Se inscribía en todas las oportunidades de trabajo que se le presentaban. Algunas permitían participar de una jornada de conocimiento de la actividad, si le gustaba podía seguir con el curro y si no, no pasaba nada, no estaba obligada a regresar. Durante las charlas trataba de quedar bien con todos, por un momento dejaba de lado la mochila cargada de malos rollos, era mejor así, prefería que la conocieran por esa forma de ser y no por otra en la que sintieran lástima por su situación, eso no le gustaba, guardaba silencio, era mejor pasar de forma desapercibida, callar y dejar que los de su alrededor hablaran, era muy cuidadosa en ese aspecto, controlaba sus palabras.
Durante una época trabajó como acomodadora de cine, eso le permitió conocer gente que, a la postre, le echaba una mano. La labor fue temporal, sin embargo, su forma de ser y la buena disposición que tenía para ayudar a los demás le sirvió para hacer amistades.
Cada cierto tiempo se escuchaba una carcajada, era un sonido impertinente. No era posible que se riera por chorradas, pero no podía decir nada, si se levantaba y le hacía ver la forma en la que incomodaba al resto, podía ser tomado de una manera que no venía a cuento, podría iniciarse una discusión, —de las chungas—, ocasionando que se perdiera lo que estaba viendo.
—Deja de poner esa cara.
—No pongo ninguna.
A pesar de tener todo controlado y de contar con la disposición para salir del hoyo, había momentos en los que estaba, en cuestión de motivación, bajo mínimos. No era posible encontrarle salida a todo, pero, consideraba que no podrían ir peor las cosas, no obstante, alguien le dijo que las cosas siempre pueden ir a peor, esperaba que no fuera así, porque no sabría cómo salir, se podía poner en distintas situaciones, pero se le hacía imposible imaginar una peor.
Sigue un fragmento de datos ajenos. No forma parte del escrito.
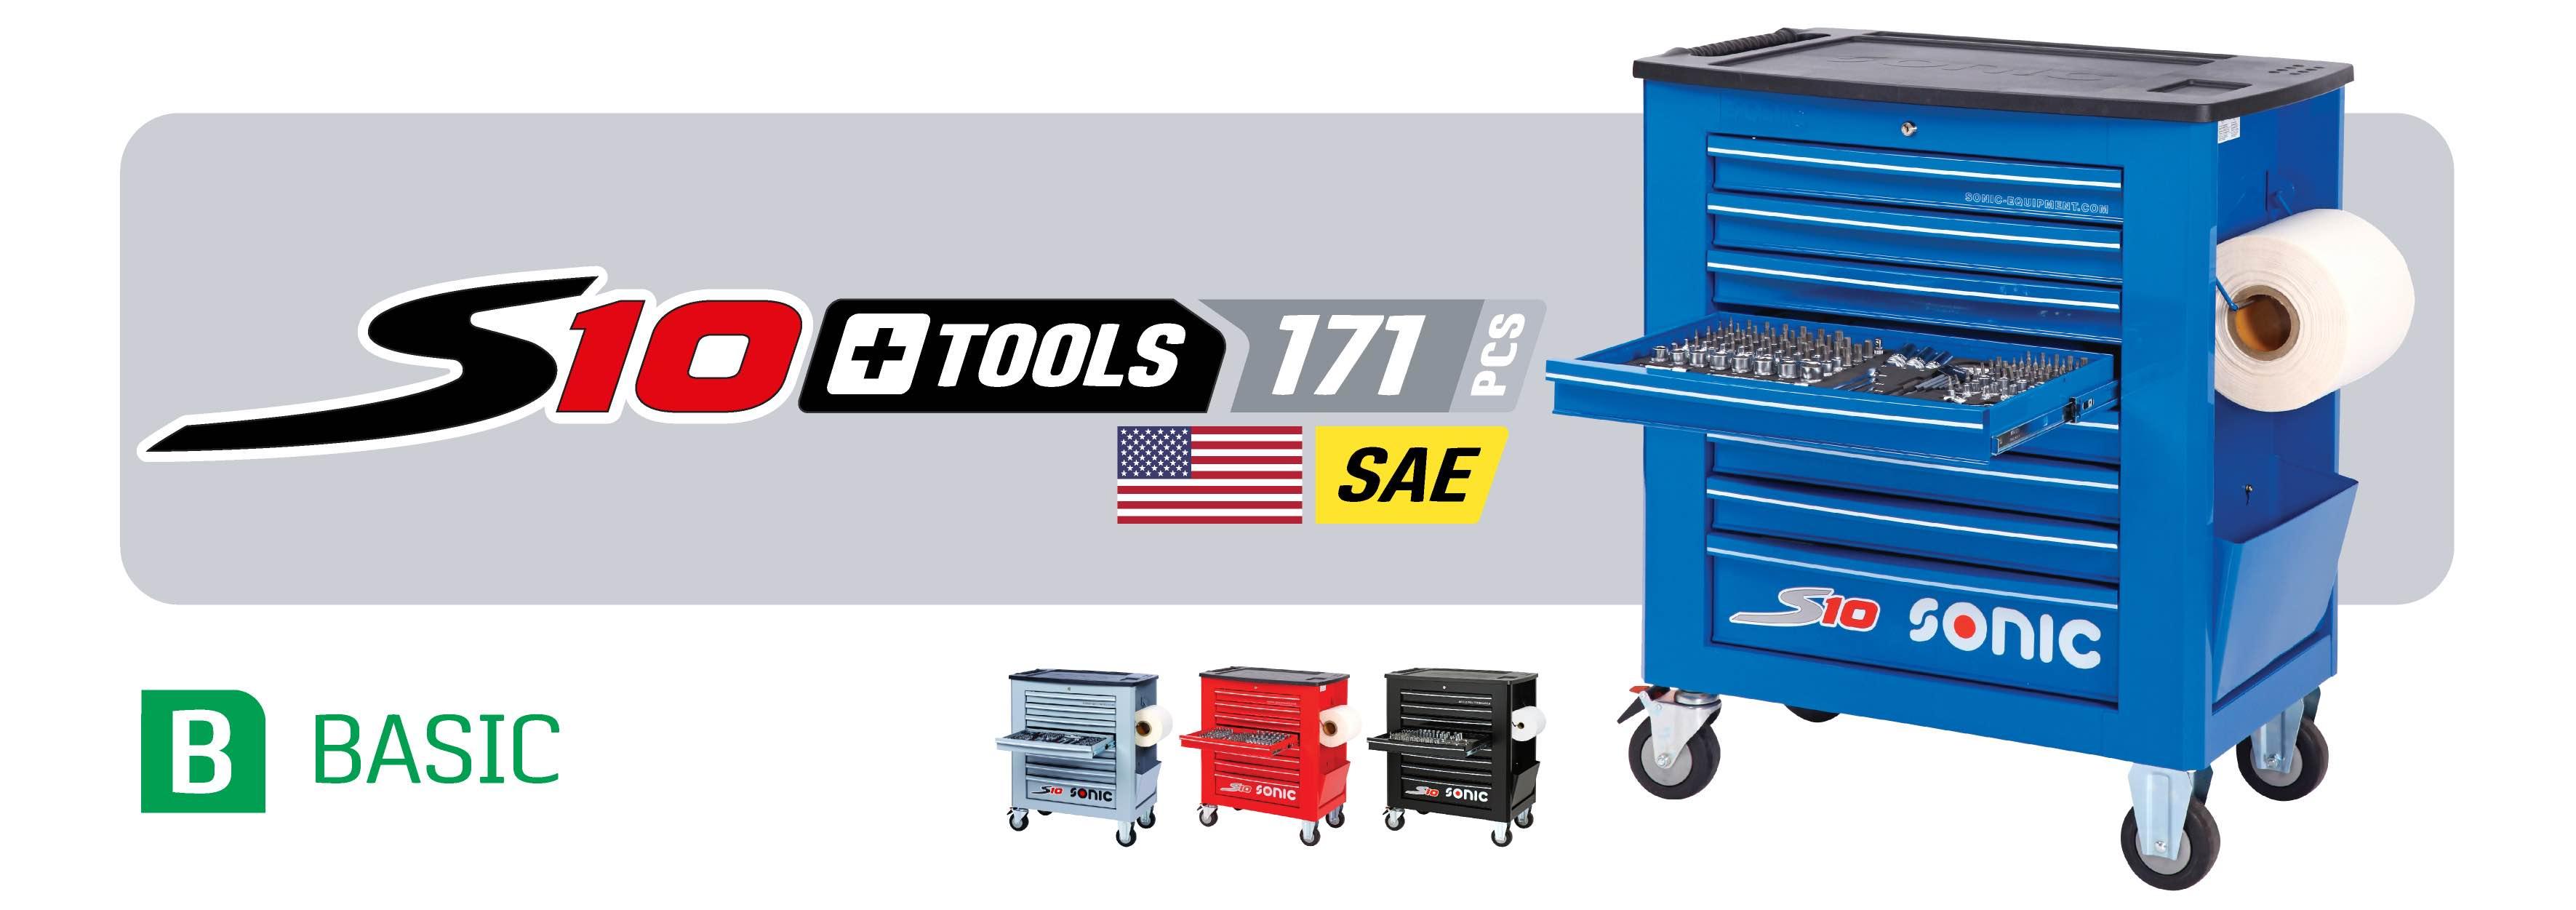 s10 plus tools 171 pieces

Se comenzó a hacer el silencio, no dejaban de comer en el local, ese ruido se le hacía más molesto que el de la risa, tendría que enfocarse, aprender a hacerlo sobre la marcha para poder disfrutar lo que tenía delante.
El ruido era itinerante, empezaba en un lugar y se contagiaba a otro, asimismo, había personas que se ponían de pie una y otra vez, pasando por delante de la pantalla.
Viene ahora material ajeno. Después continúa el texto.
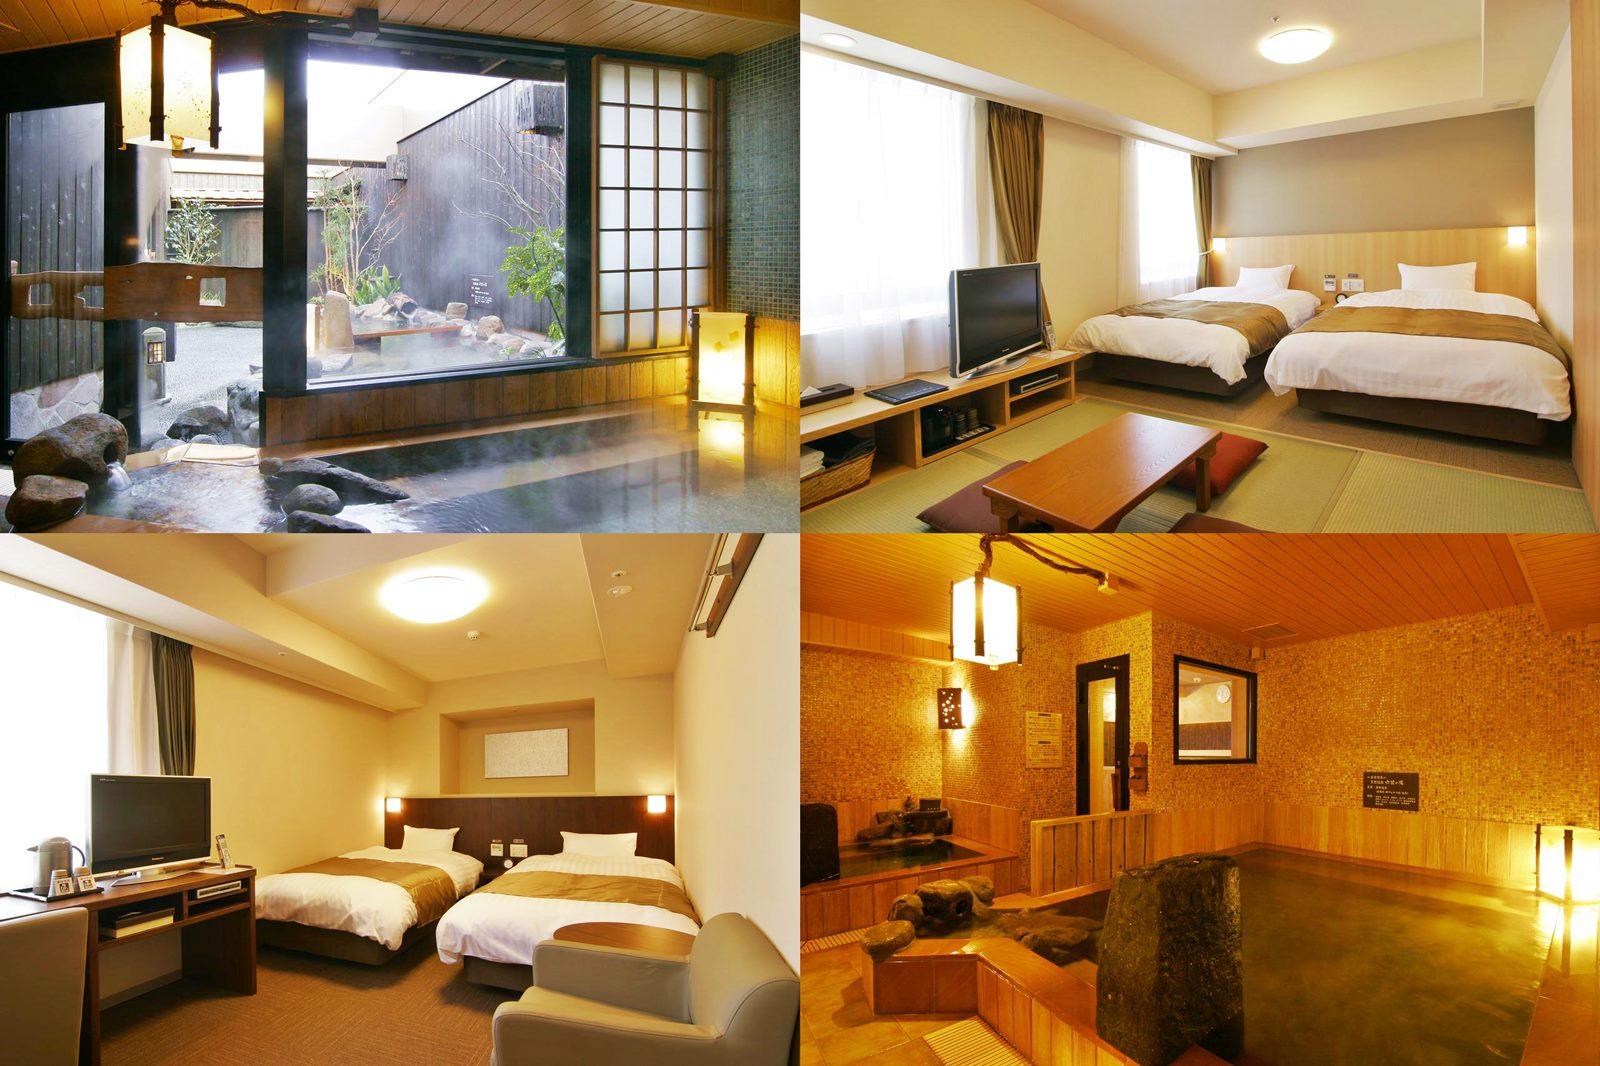 九州-住宿-推薦-熊本-鹿兒島-宮崎-大分-別府-飯店-旅館-民宿-酒店-Kyushu-Kumamoto-Kagoshima-Oita-Miyazaki-Hotels

Dejaban que durmiera ahí y se aseara en los servicios, luego salía, nadie sabía a donde se dirigía, pero comenzó a convertirse en una especie de rito, llegaba, se iba a los últimos lugares y dormía.
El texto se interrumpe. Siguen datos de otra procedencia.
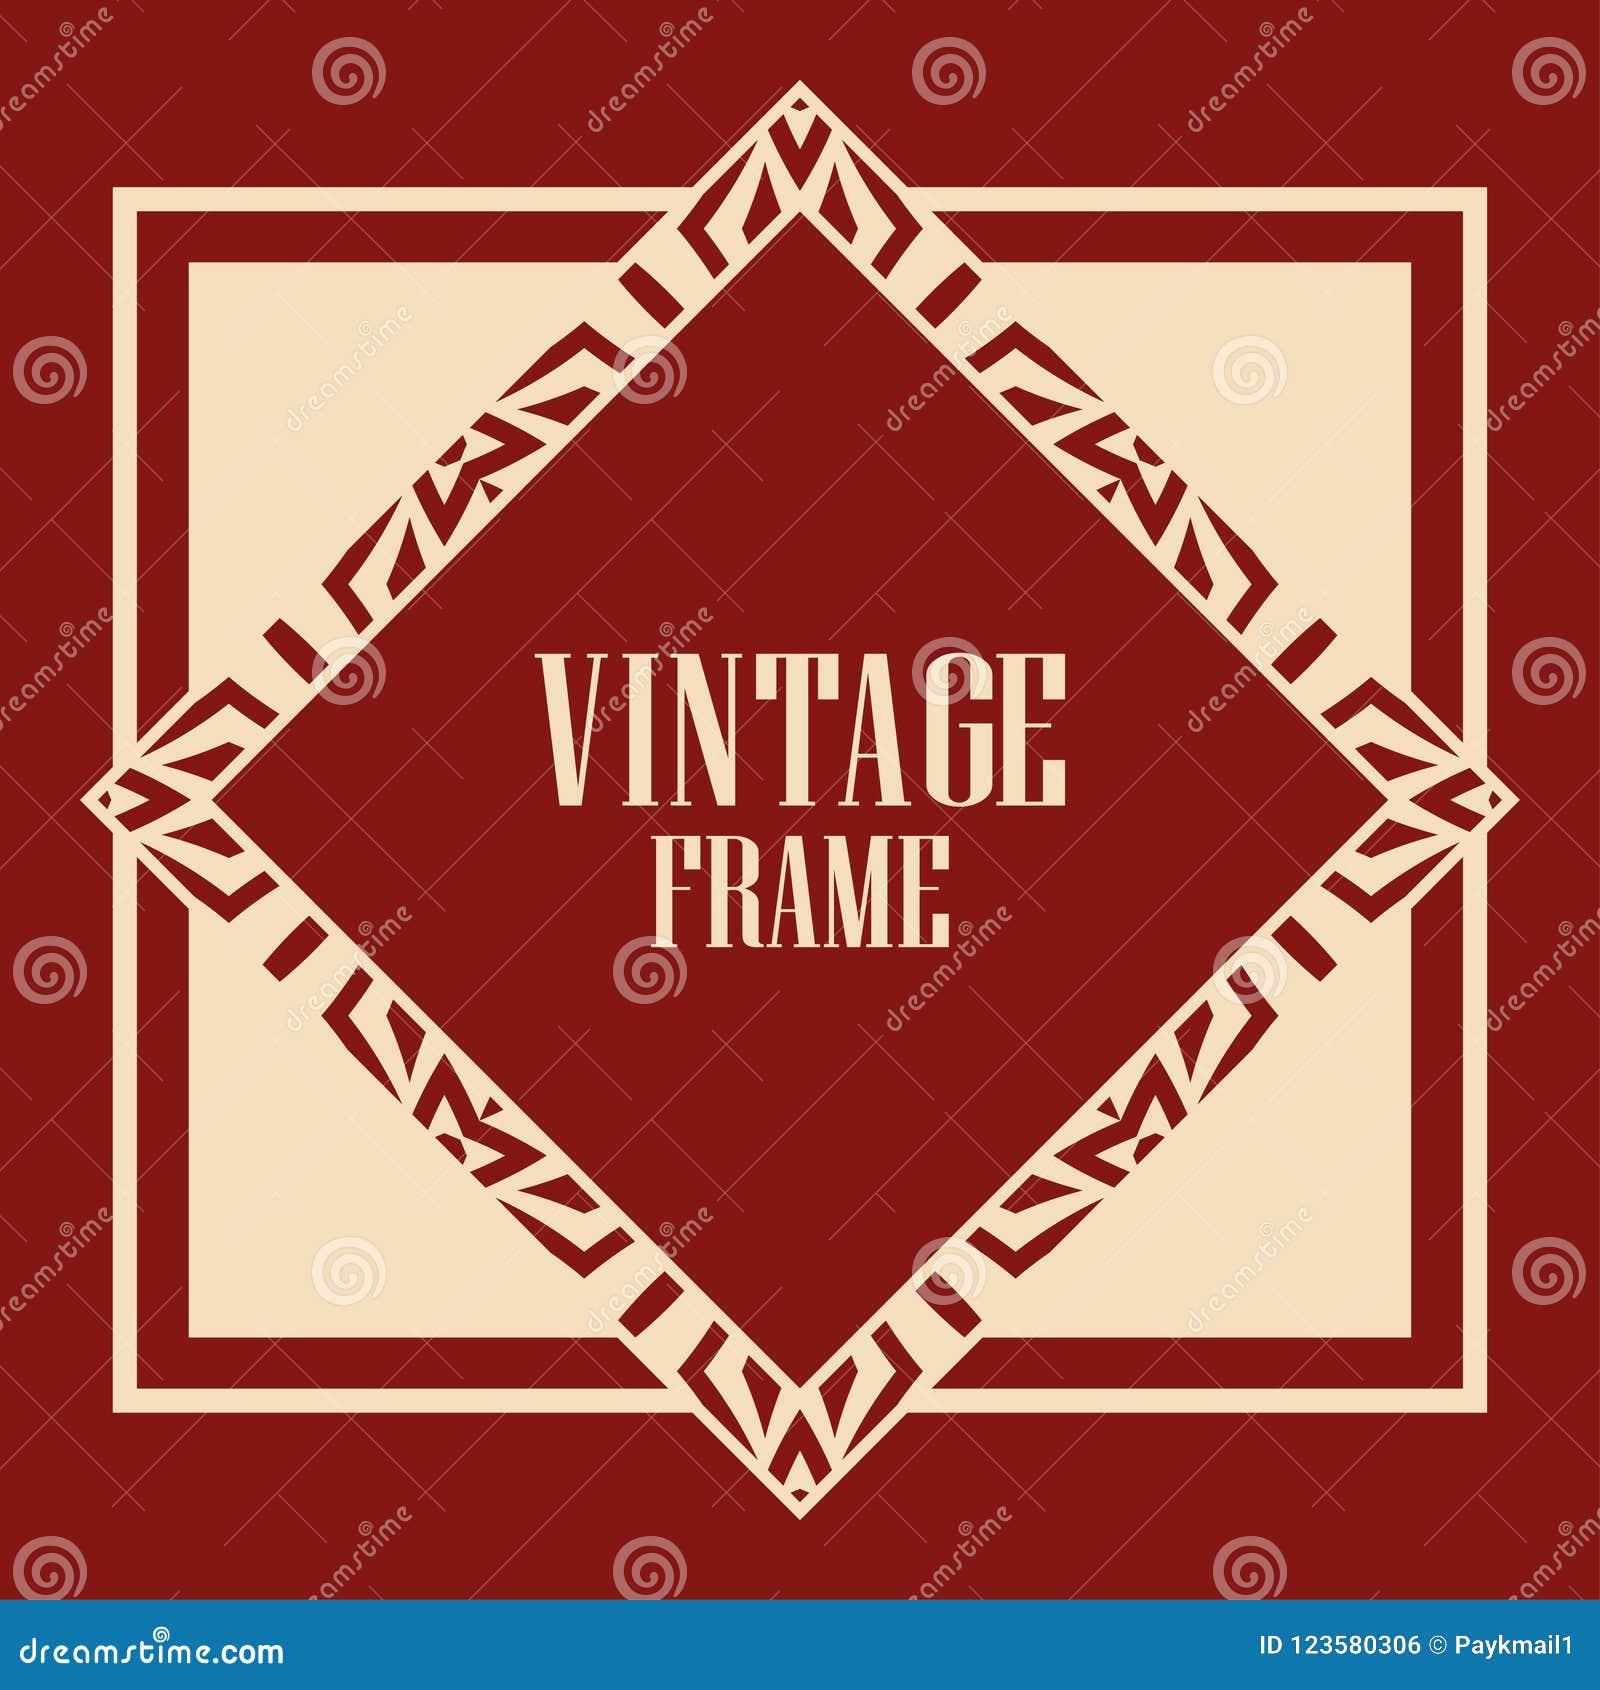 Art Deco Frame stock vector. Illustration of gatsby - 123580306

Ese día no fue distinta la metodología, le invitaron a desayunar, se presentó, tenía la idea de no quedarse en el trabajo, por eso solo escuchaba, cuando hubiera terminado el día, diría alguna mentira, un pretexto que le permitiera irse, nunca se dieron cuenta, como había cientos de ofertas del mismo tipo, se le solucionaba todo.
A lo tonto podía conocer gente de todo tipo, no les daba conversación, ese instante le permitía evadirse.
Desconocía la razón, no le abrían la puerta, el día anterior pudo hacerlo sin problemas, pero las cosas cambian, la forma en la que nos miran los demás es distinta, nos volvemos innecesarios con el paso del tiempo. Al final, debería irse.